# What is your tokui waza?



## Patrick Skerry (Sep 13, 2004)

All judo champions have two or three techniques they rely on for winning tournaments, these two or three specialty techniques are called _tokui waza._

What are your 'tokui waza' from out of the 62 accepted techniques of Kodokan judo?


----------



## Flatlander (Sep 13, 2004)

I'm not a judoka, so I can't really contribute, but you are.  What is your tokui waza?


----------



## Patrick Skerry (Sep 13, 2004)

flatlander said:
			
		

> I'm not a judoka, so I can't really contribute, but you are. What is your tokui waza?

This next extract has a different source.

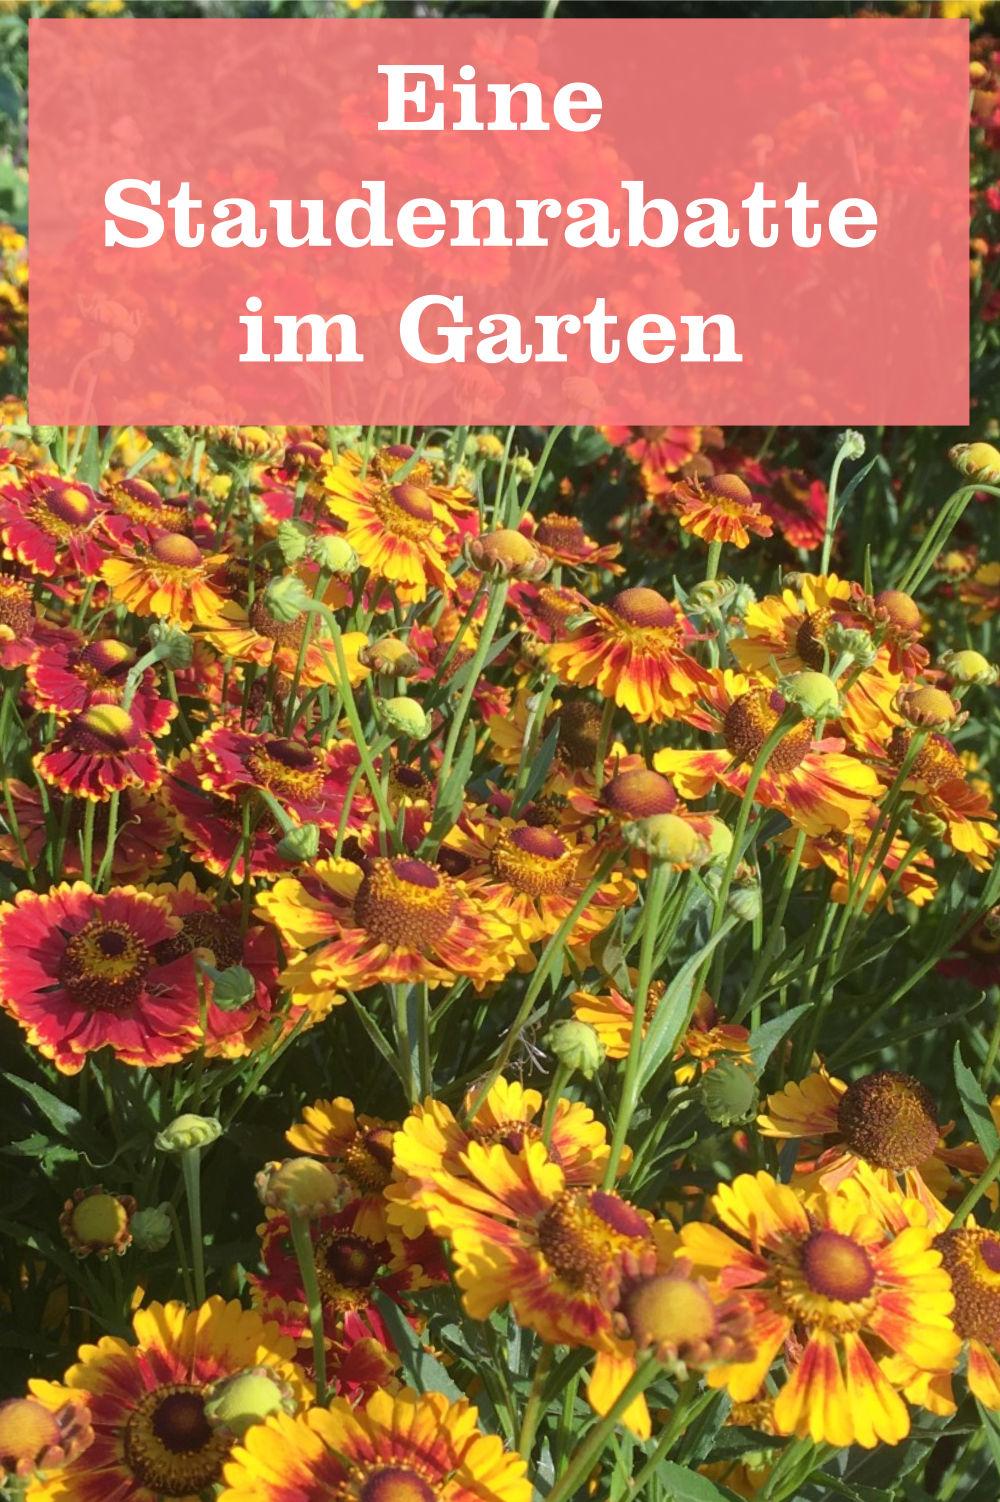 Atemberaubend Eine Stauden-Rabatte sollte in keinem Garten fehlen » GartenBob.de &GQ_12

I would have to say my counter throwing. I've gotten the best of most people using counter throws.  I've had some good training in Renreku (sp?) waza (counter throwing techniques).

I always let someone come in, lull them into a false sense of security, then use a good counter throw. If I were a boxer, I would be a master at counter-punching.

For example: I love being thrown in tai-otoshi because I always go into a tomo-nage.

I love having a uchi-mata attempt on me because I have a whole range of counters.

All judo players find the technique best suited for them, and generally stick with them their entire careers.

I emphasize  footsweeps because a bunch of us got together and ashi waza's can make tori real nervous about entering a throw and exiting a throw, those are the classic times to perform a footsweep.

I am fairly confident in my matwork, so I can do a take down and go straight into a newaza. My escapes from hold downs are really good. So I'll allow someone to get a yoko-shiho gatame on me, let the ref yell OSAE KOMI to let the clock run. Tori thinks he's got me until I unlease an escape and either pin him for ippon or choke him out. (They don't like that heh, heh). And there's always a look of astonishment on the referee's face when I counter for ippon. I like to cut it close - just my nature. 

I know which hold-downs are weaker than others - never ever allow someone to get a tate-shiho gatame on you, or else your goose is cooked! A very tough hold to get out of. But kesa-gatame is something they teach to the yellow belts, and its fine for certain situations, but not for upper level tournaments.

So if your not into judo, do you understand these concepts?


----------



## Flatlander (Sep 13, 2004)

No, not at all.  But everyone else that frequents this forum likely does.  I was just interested in seeing the discussion move along.


----------